PROBLEM: Write the listing below out again exactly, dropping the images.

DATASET EXCERPT:
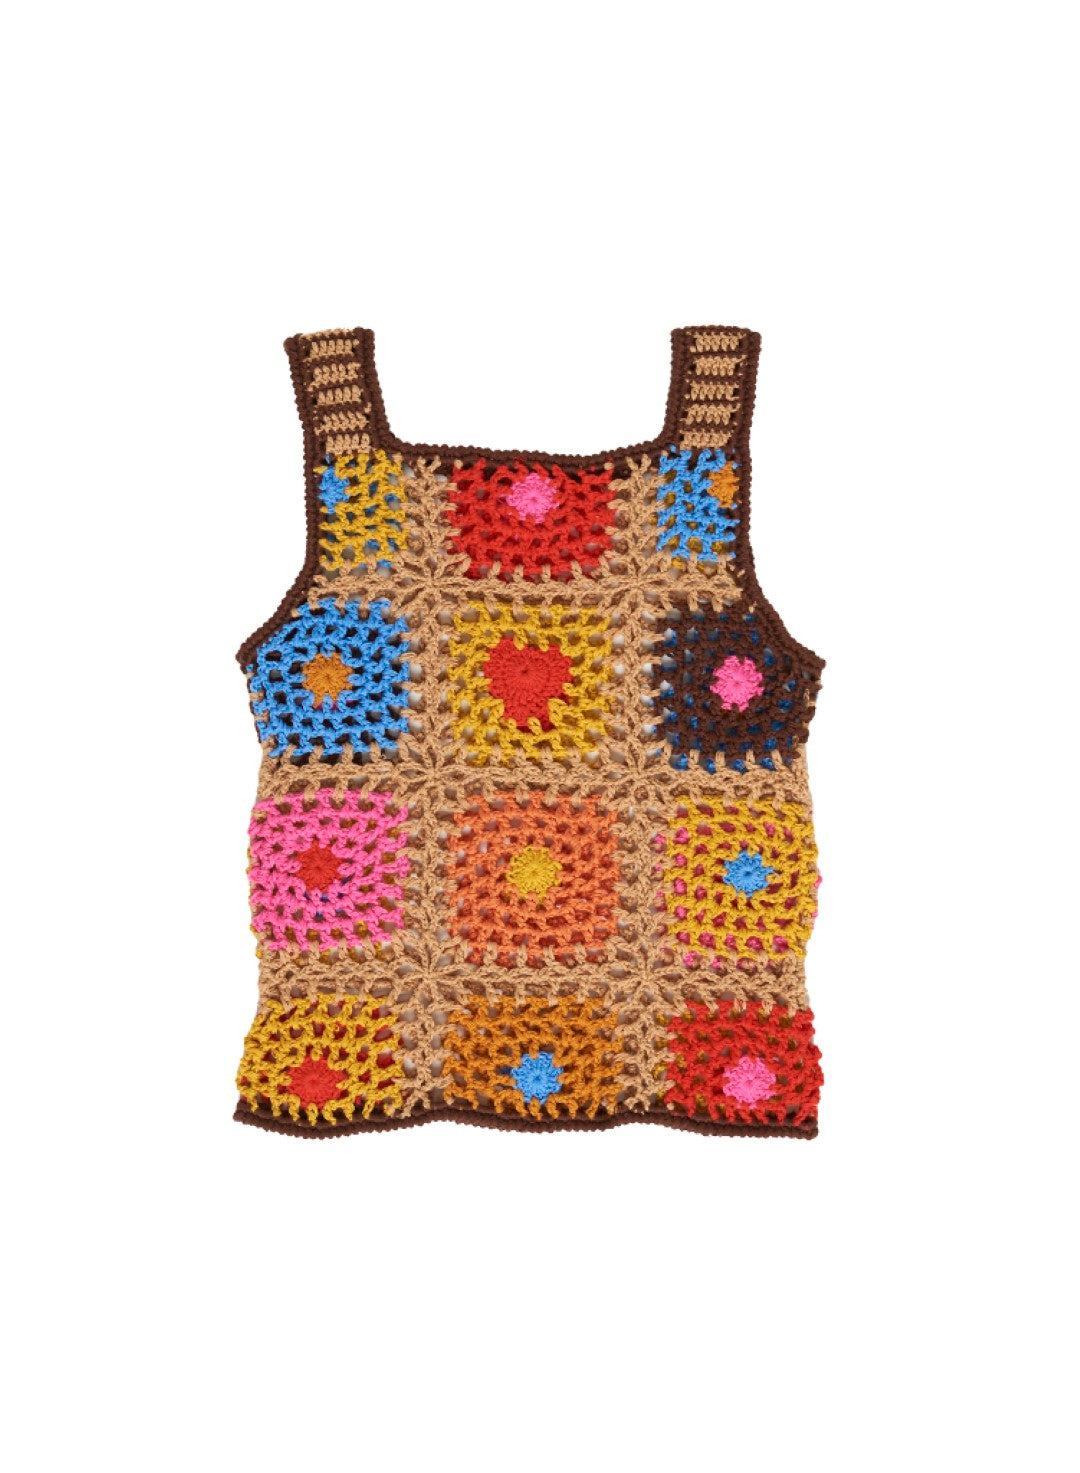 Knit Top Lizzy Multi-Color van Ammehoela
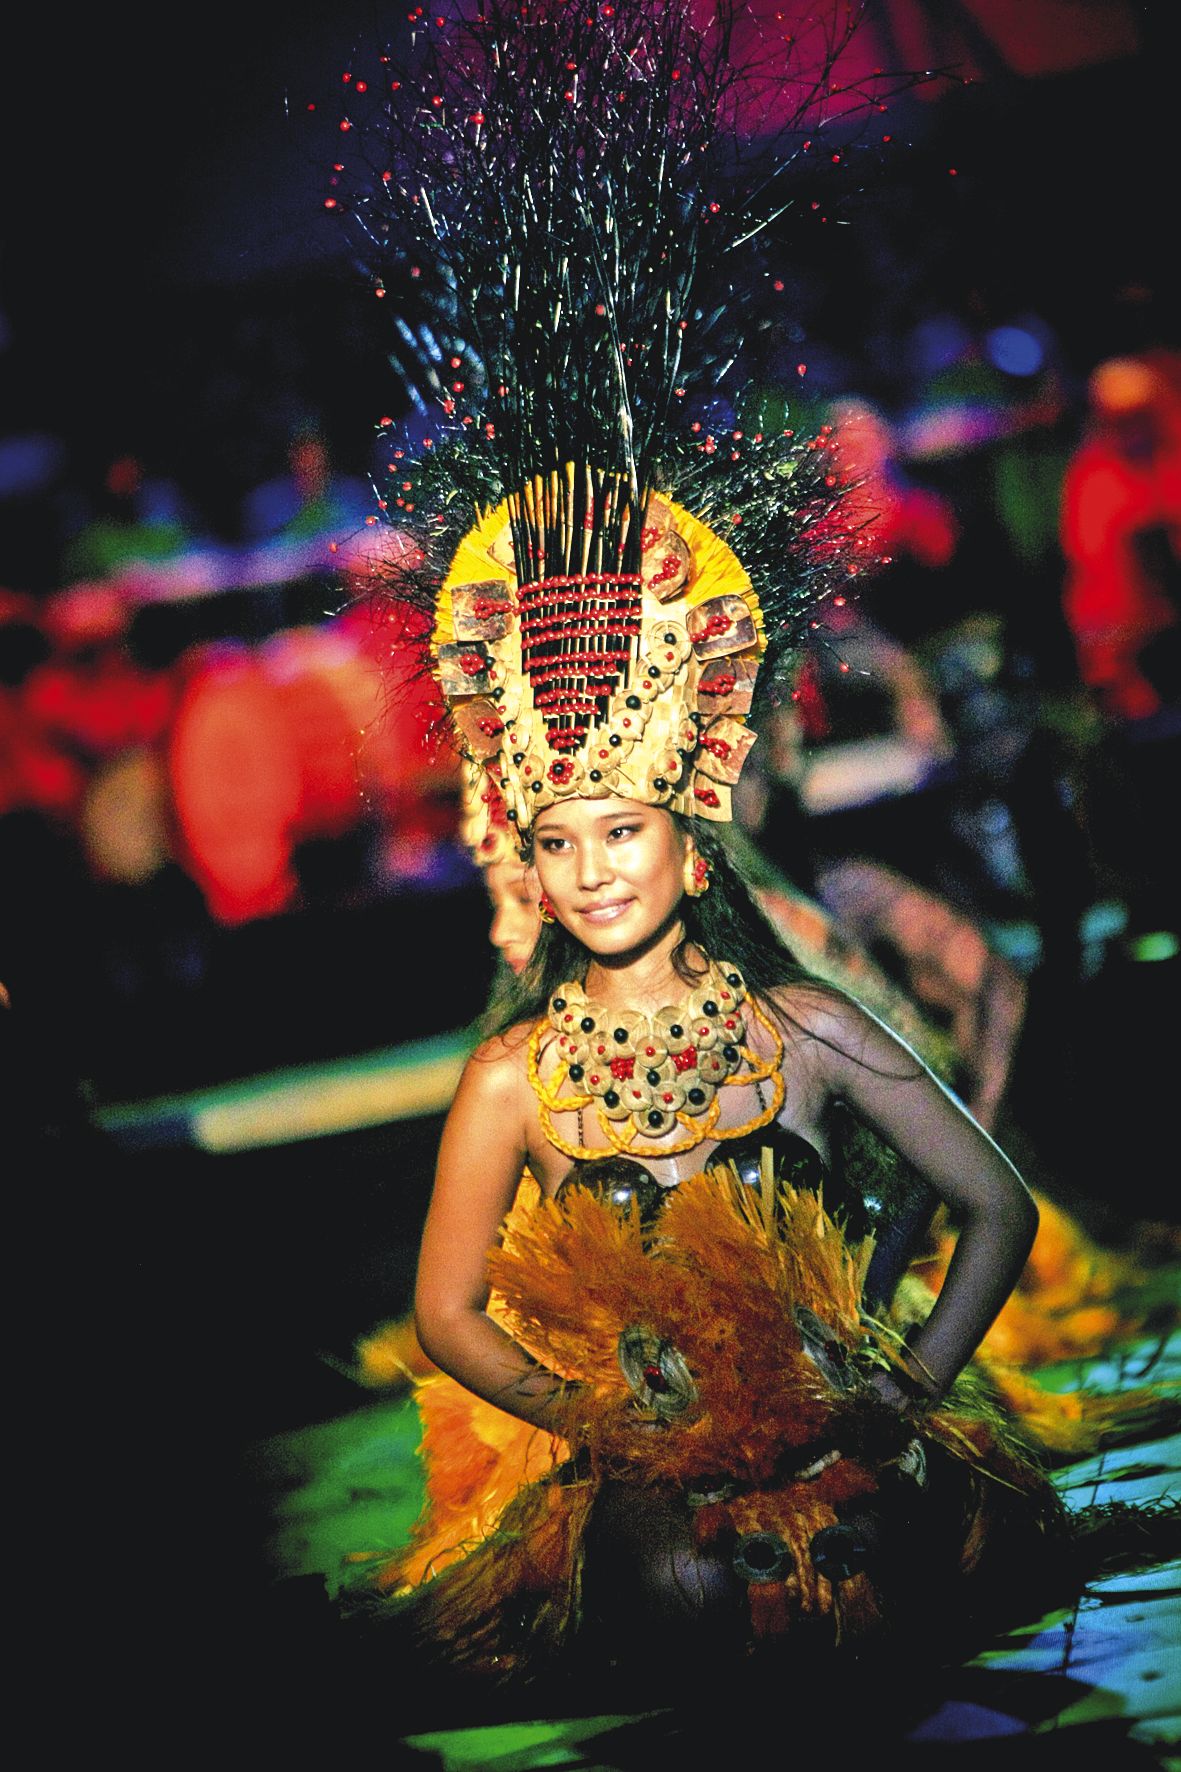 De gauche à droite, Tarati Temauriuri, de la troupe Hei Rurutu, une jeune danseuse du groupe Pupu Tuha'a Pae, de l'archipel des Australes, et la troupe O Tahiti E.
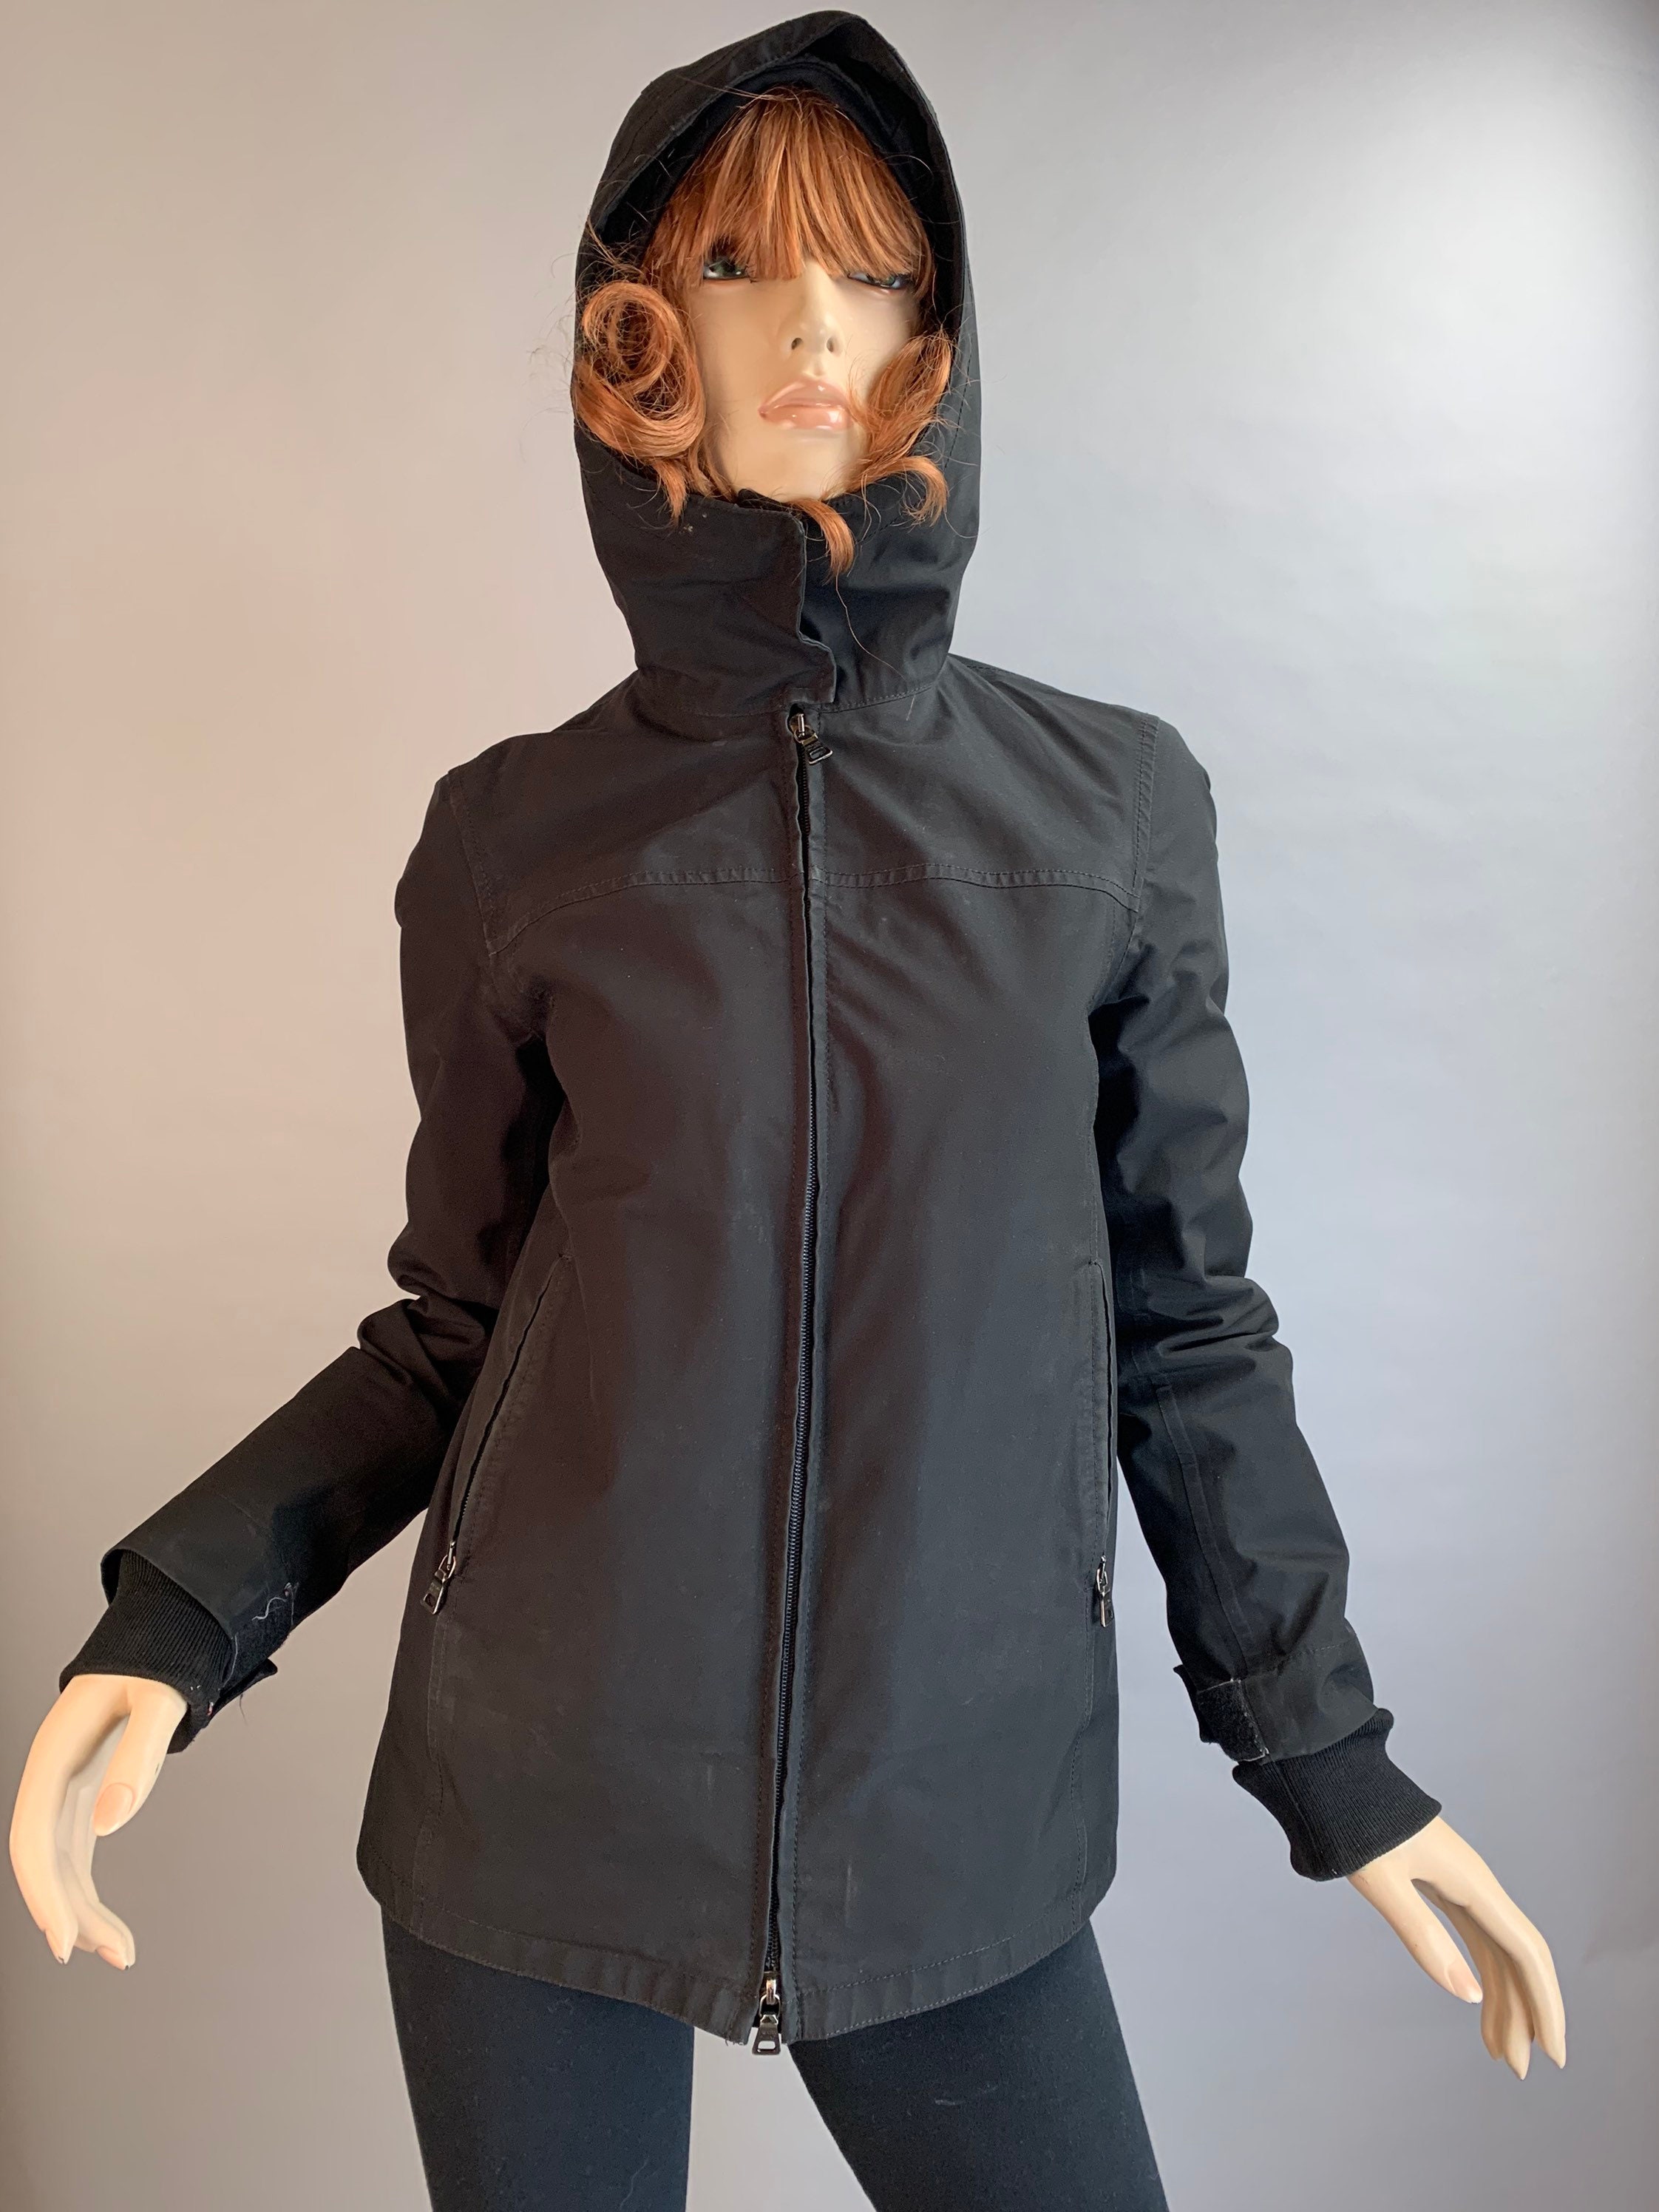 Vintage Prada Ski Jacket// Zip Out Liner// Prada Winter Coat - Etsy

ANSWER FOR THE TASK:
 Knit Top Lizzy Multi-Color van Ammehoela
 De gauche à droite, Tarati Temauriuri, de la troupe Hei Rurutu, une jeune danseuse du groupe Pupu Tuha'a Pae, de l'archipel des Australes, et la troupe O Tahiti E.
 Vintage Prada Ski Jacket// Zip Out Liner// Prada Winter Coat - Etsy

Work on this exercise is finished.